» **Task details**
Only the lines from the one containing "Bem Bluetooth Speaker" through the end of the material should be printed, exactly as they appear. Leave out pictures.

» **Source material**
⁂
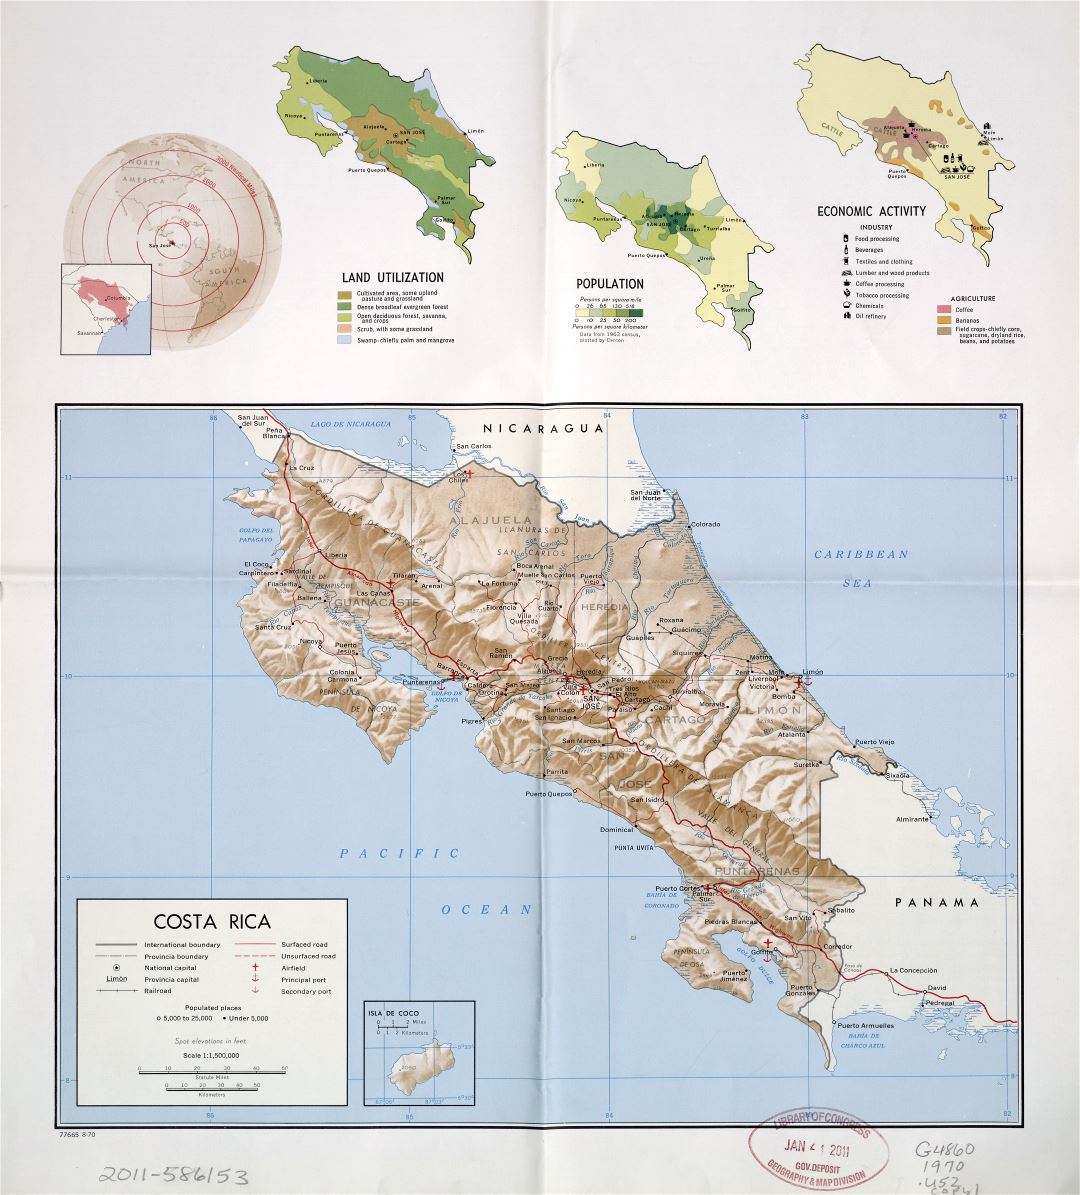 Large scale country profile map of Costa Rica - 1970
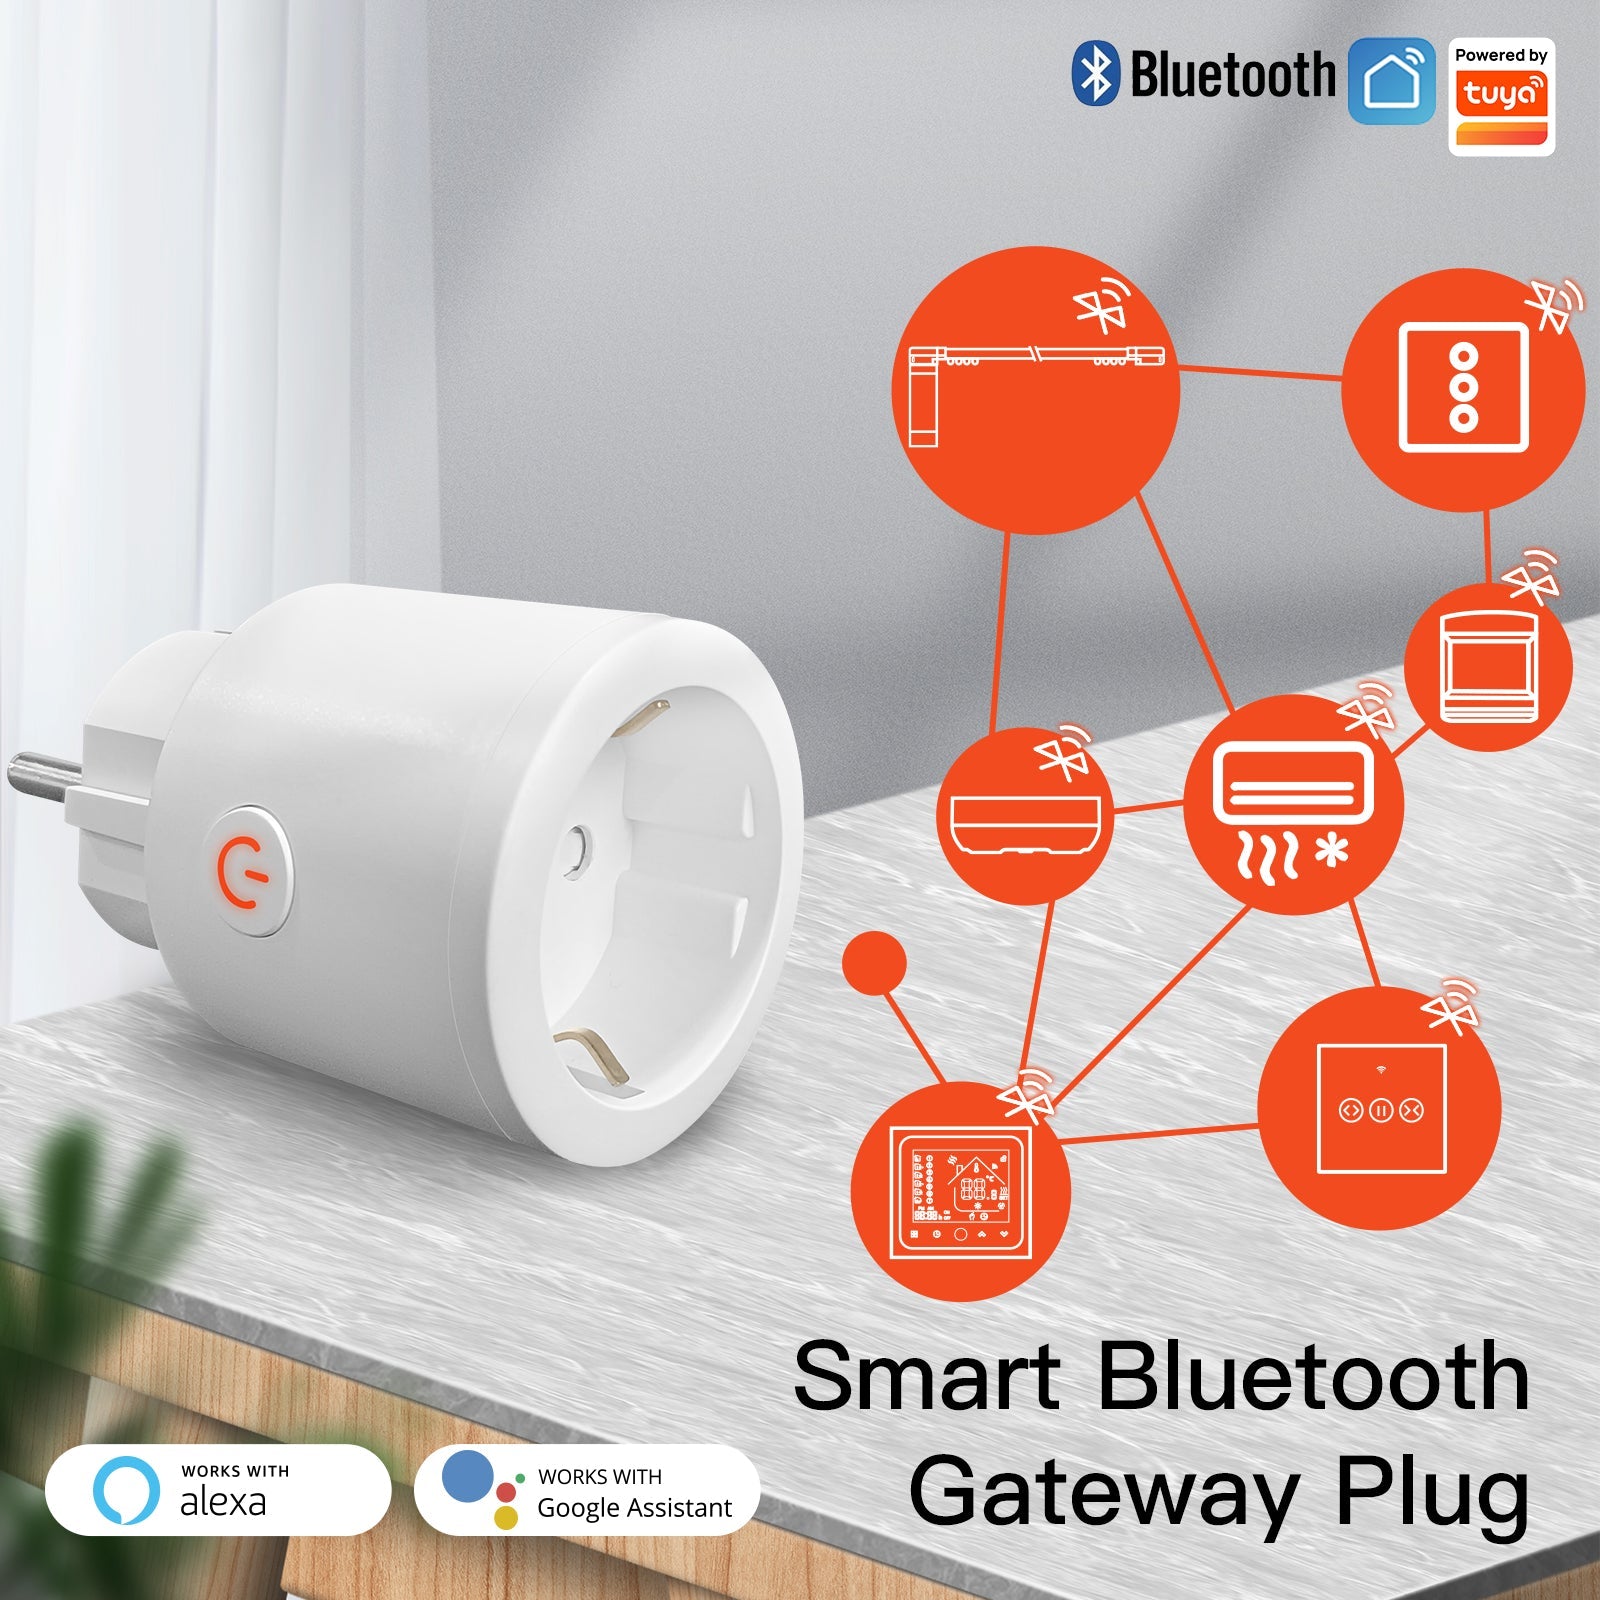 Bem Bluetooth Speaker Plugs Straight Into A Power Outlet
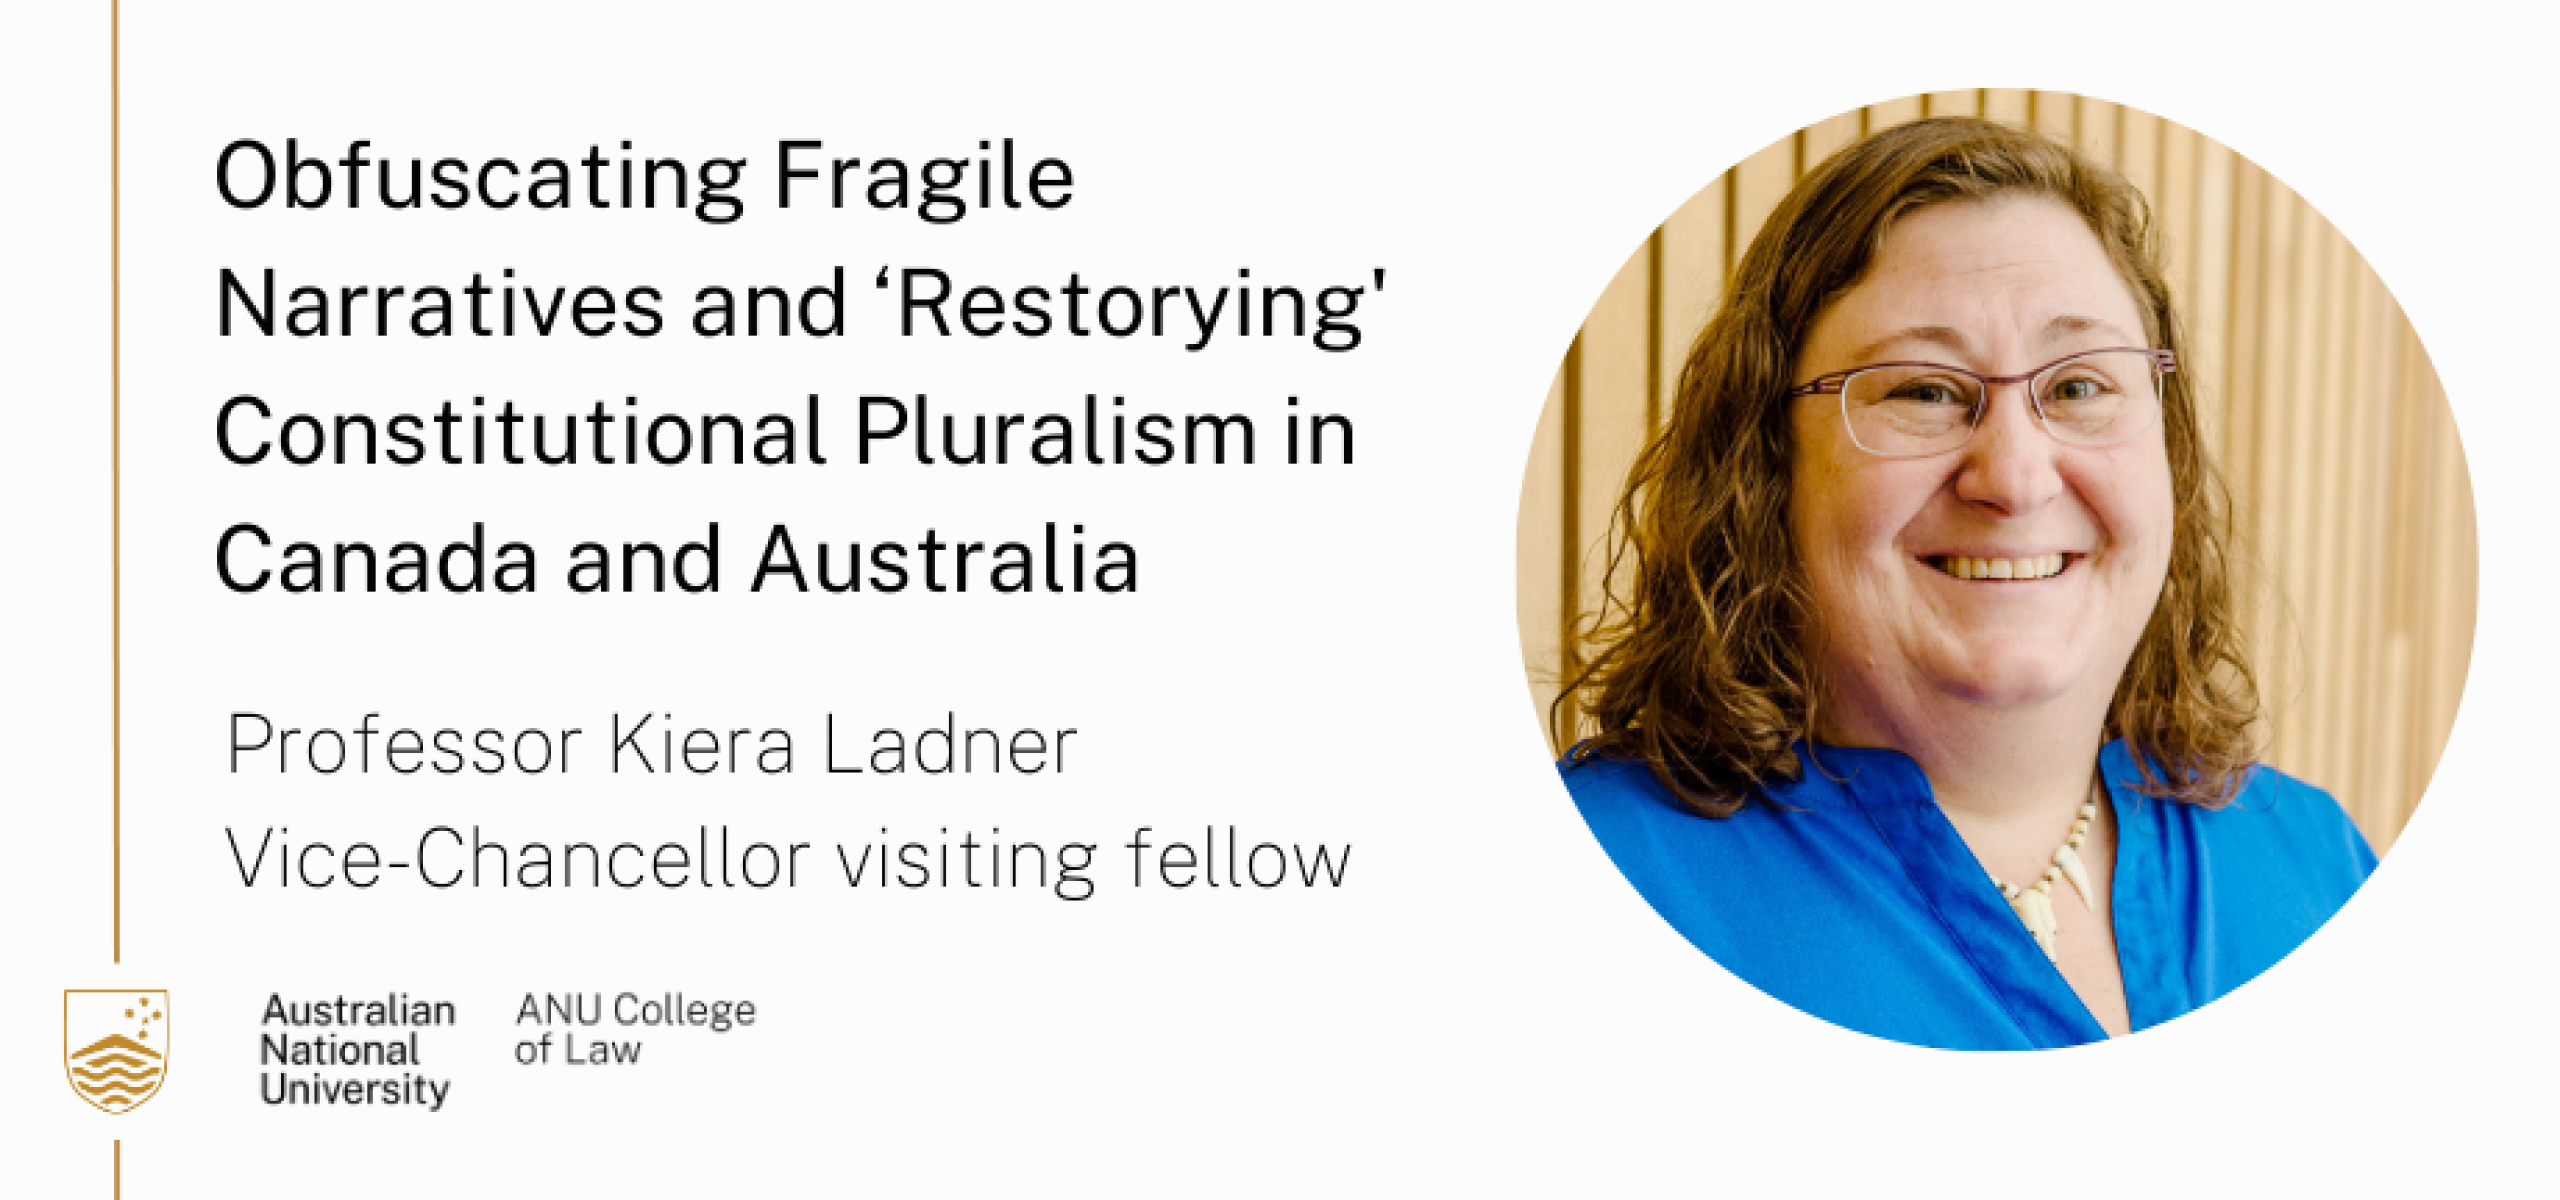 Obfuscating Fragile Narratives and ‘Restorying' Constitutional Pluralism in Canada and Australia
⁂
» **Answer section**
 Bem Bluetooth Speaker Plugs Straight Into A Power Outlet
 Obfuscating Fragile Narratives and ‘Restorying' Constitutional Pluralism in Canada and Australia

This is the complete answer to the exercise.